ABOUT THIS TASK
Write out the data word for word and drop any picture you find.

DATA EXCERPT

_ _ _ _ _

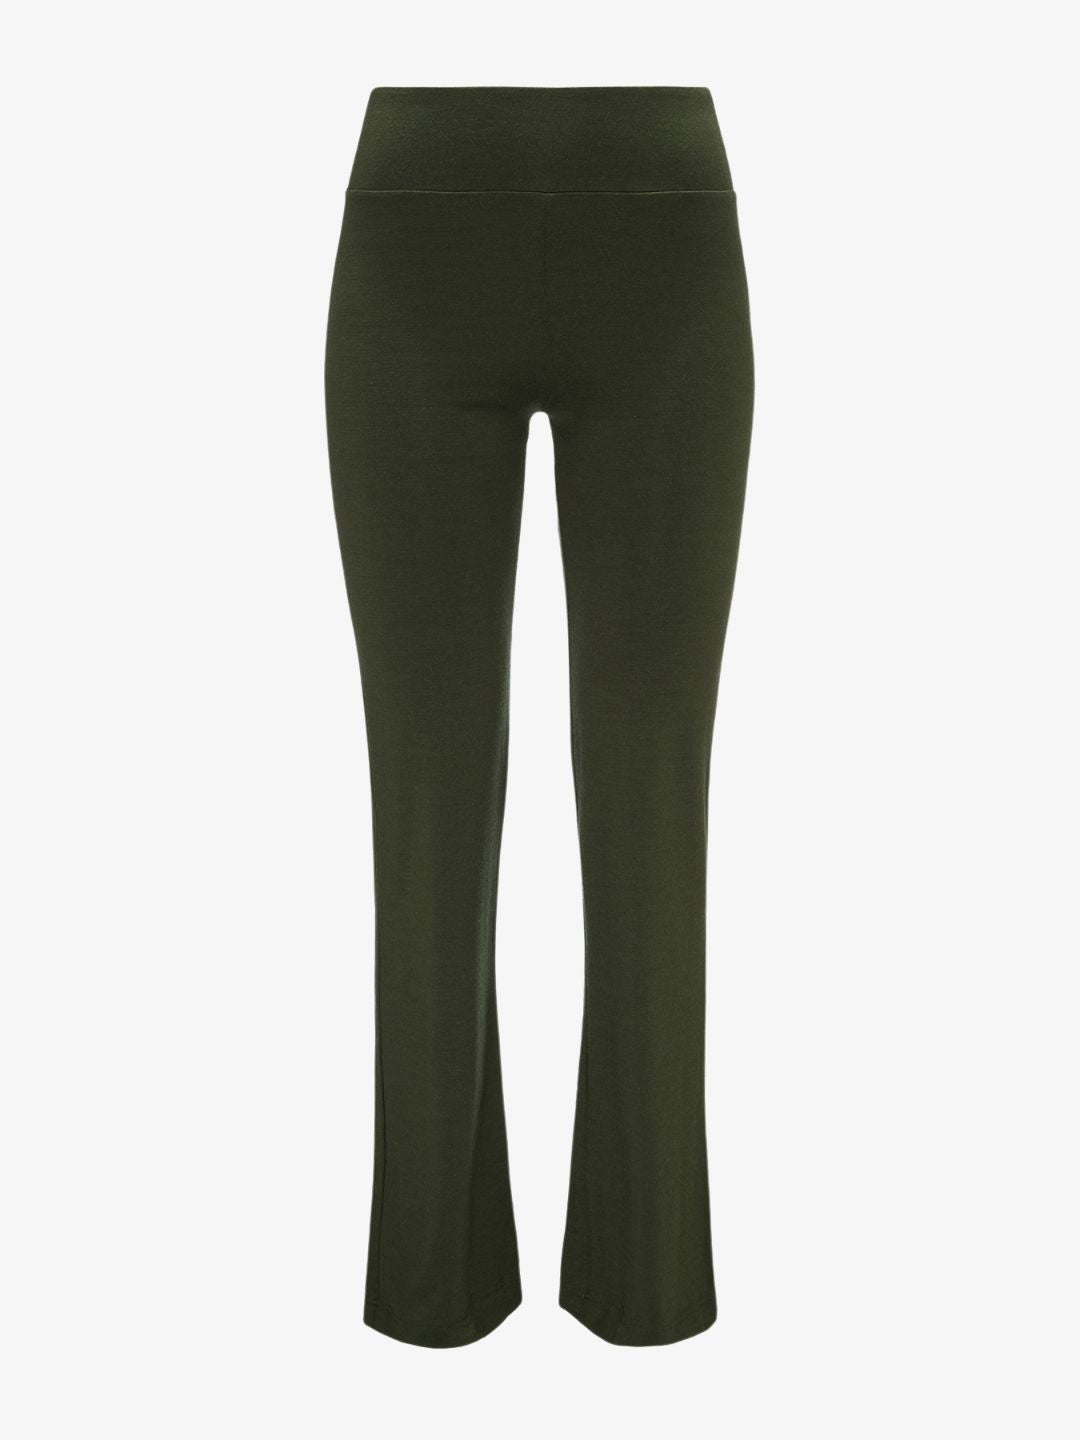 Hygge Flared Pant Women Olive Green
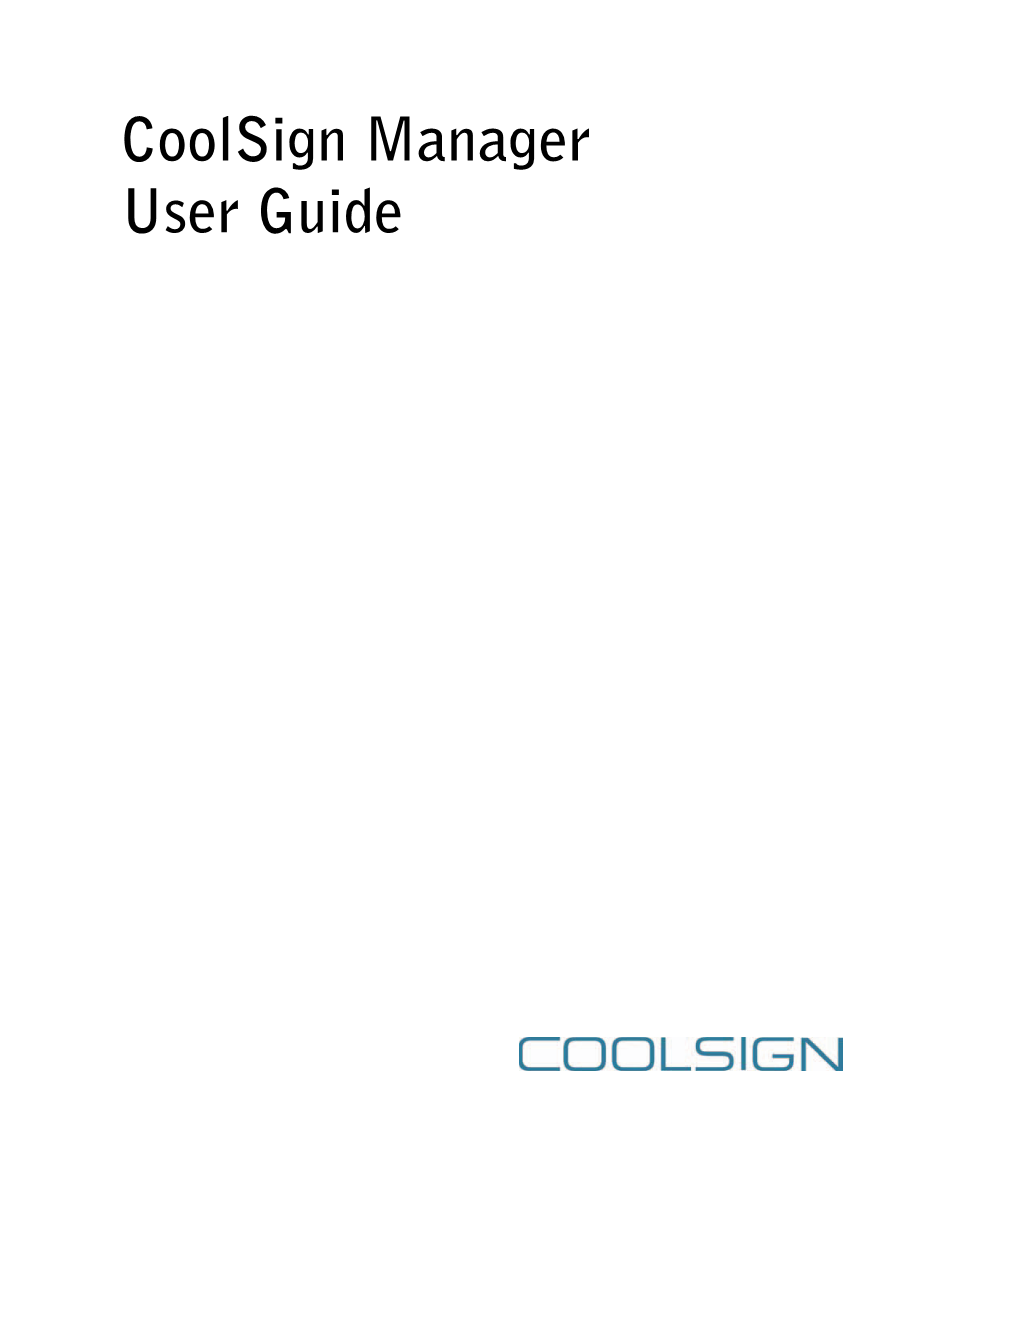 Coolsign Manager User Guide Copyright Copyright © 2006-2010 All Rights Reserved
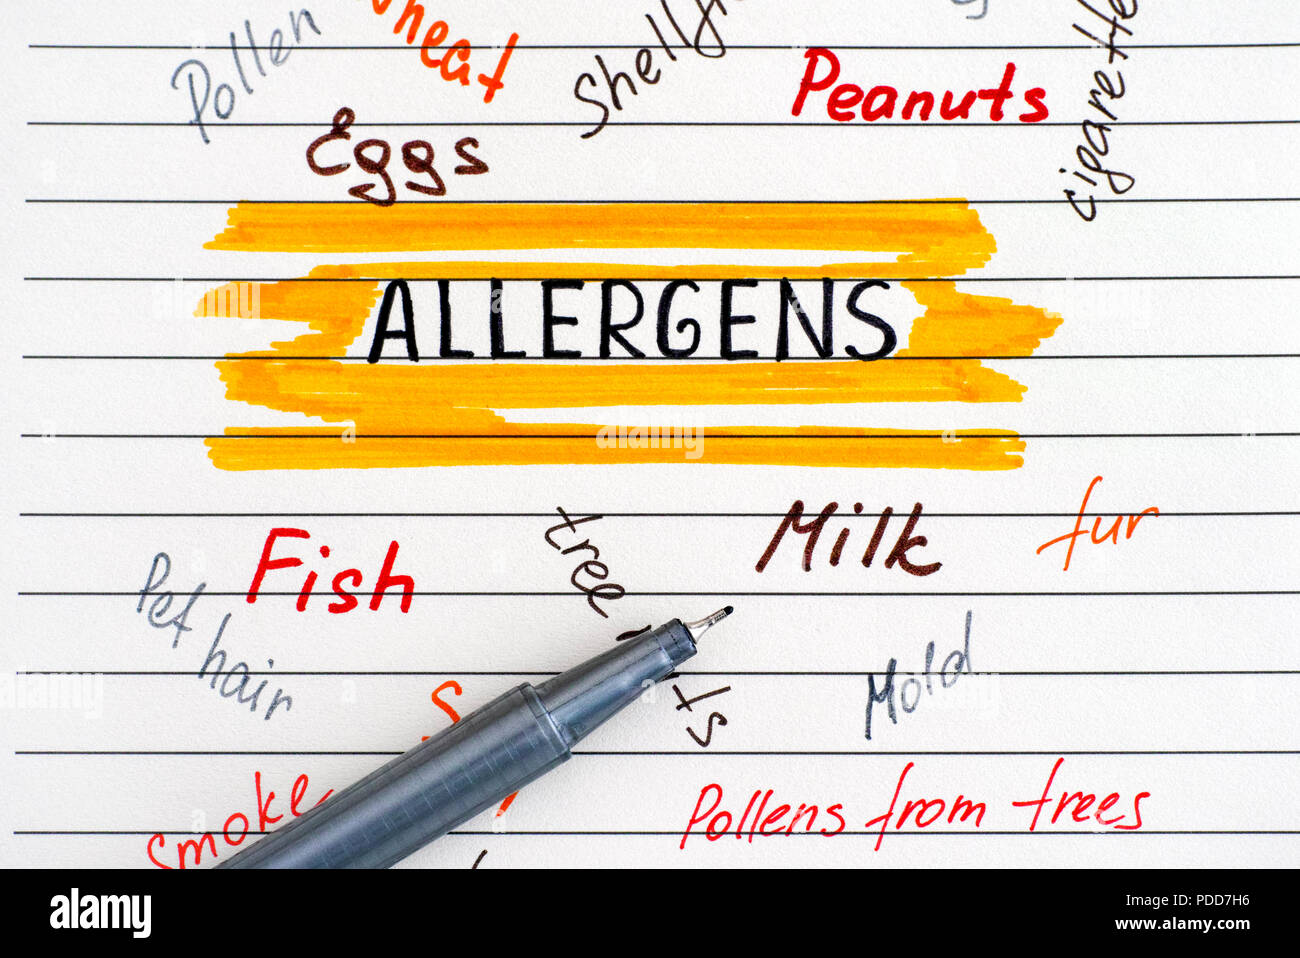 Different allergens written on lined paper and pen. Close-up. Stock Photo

_ _ _ _ _

OUTPUT BELOW
 Hygge Flared Pant Women Olive Green
 Coolsign Manager User Guide Copyright Copyright © 2006-2010 All Rights Reserved
 Different allergens written on lined paper and pen. Close-up. Stock Photo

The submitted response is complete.